192.168.220.244 test-cluster-01.home.intra  test-cluster-01

Configure corosync:

Replace /etc/corosync/corosync.conf with the following:

# Please read the corosync.conf.5 manual page
totem {
        version: 2

        cluster_name: test-cluster
}

logging {
        # Log the source file and line where messages are being
        # generated. When in doubt, leave off. Potentially useful for
        # debugging.
        fileline: off
        # Log to standard error. When in doubt, set to yes. Useful when
        # running in the foreground (when invoking "corosync -f")
        to_stderr: yes
        # Log to a log file. When set to "no", the "logfile" option
        # must not be set.
        to_logfile: yes
        logfile: /var/log/corosync/corosync.log
        # Log to the system log daemon. When in doubt, set to yes.
        to_syslog: yes
        # Log debug messages (very verbose). When in doubt, leave off.
        debug: off
        # Log messages with time stamps.

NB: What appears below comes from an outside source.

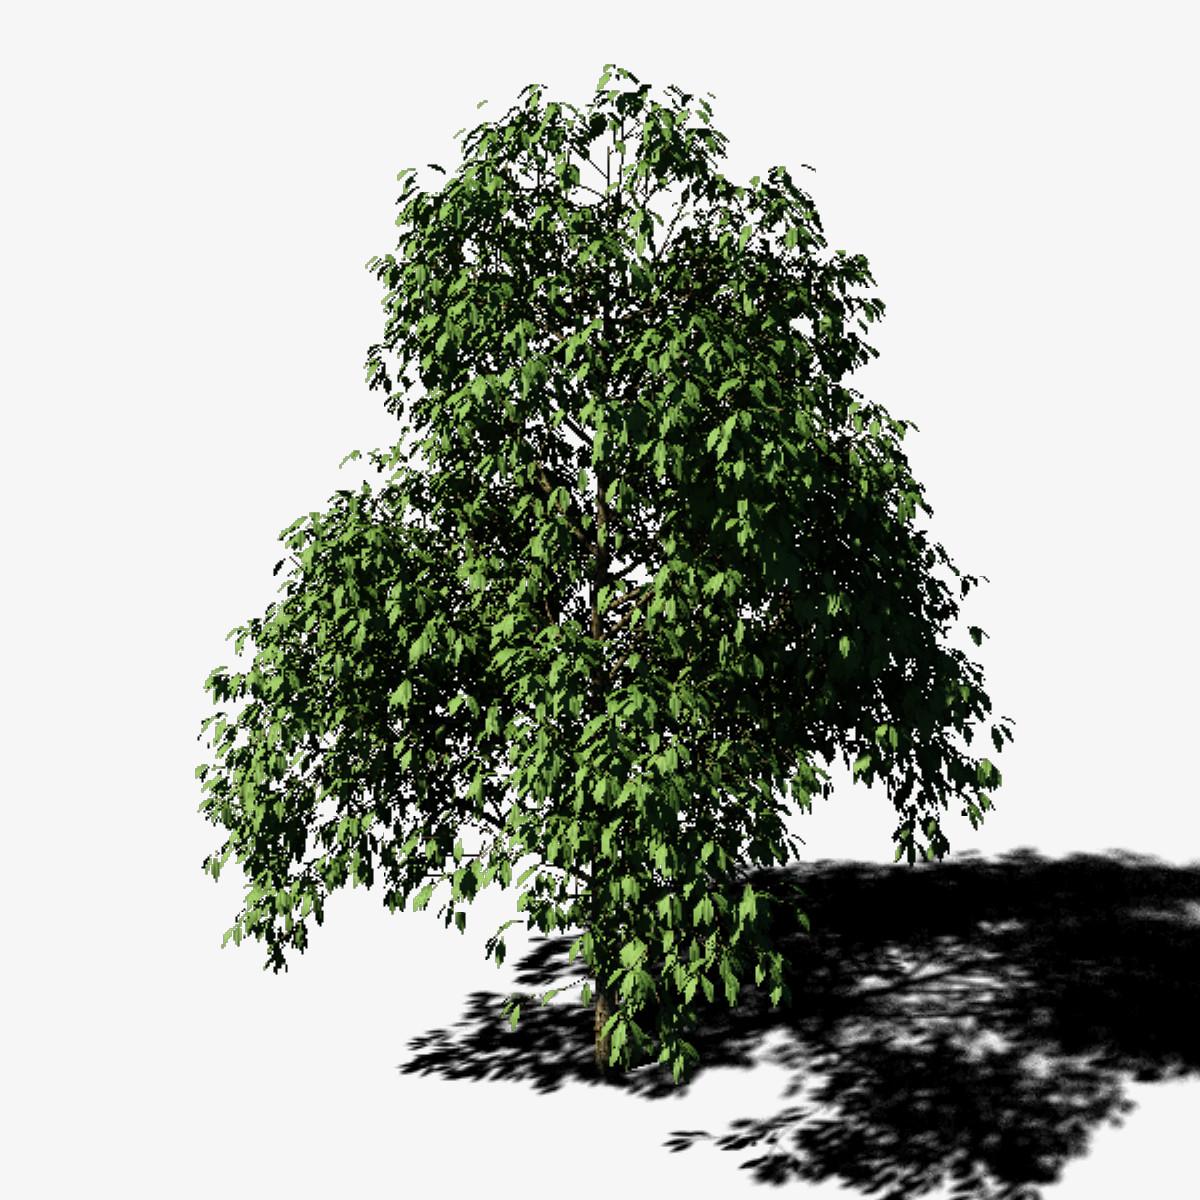 Tree_0001.jpg

When in doubt, set to hires (or on)
        #timestamp: hires
        logger_subsys {
                subsys: QUORUM
                debug: off
        }
}

quorum {
        # Enable and configure quorum subsystem (default: off)
        # see also corosync.conf.5 and votequorum.5
        provider: corosync_votequorum
        two_node: 1
}

nodelist {

        node {
                # Hostname of the node
                name: test-cluster-01
                # Cluster membership node identifier
                nodeid: 1

                ring0_addr: 192.168.220.244
        }
        node {
                # Hostname of the node
                name: test-cluster-02
                # Cluster membership node identifier
                nodeid: 2

                ring0_addr: 192.168.220.245
        }
}

Apply changes:

# systemctl enable corosync
# systemctl restart corosync
# systemctl enable pacemaker
# systemctl restart pacemaker

Configure a qemu-colo cluster resource

Create images on all nodes:

# qemu-img create -f qcow2 /mnt/vms/vma.qcow2 10g

Show user guide of the resource agent for explanation of parameters and more:

# crm ra info ocf:qemu:colo

Configure the resource (on one node only):

# crm configure primitive vma ocf:qemu:colo \
       meta target-role=Stopped \
       params active_hidden_dir="/mnt/vms" \
       options="-vnc :0 -enable-kvm -cpu qemu64,+kvmclock -m 512 -netdev bridge,br=br0,id=hn0 -device e1000,netdev=hn0 -device virtio-blk,drive=colo-disk0 -drive if=none,node-name=parent0,format=qcow2,file=/mnt/vms/vma.qcow2" \
       op start timeout=30s interval=0 \
       op stop timeout=10s interval=0 \
       op monitor role=Master interval=1000ms timeout=30s \
       op monitor role=Slave interval=1001ms timeout=30s \
       op notify timeout=30s interval=0 \
       op promote timeout=30s interval=0 \
       op demote timeout=120s interval=0

# crm configure clone vma_ms vma \
       meta promotable=true clone-max=2 promoted-max=1 notify=true target-role=Started

# crm_master -r vma -v 10

Show cluster status:

# crm_mon

The resource should be 'Master' on one node and 'Slave' on the other

For detailed error messages and resync status, look at the system log:

# journalctl -f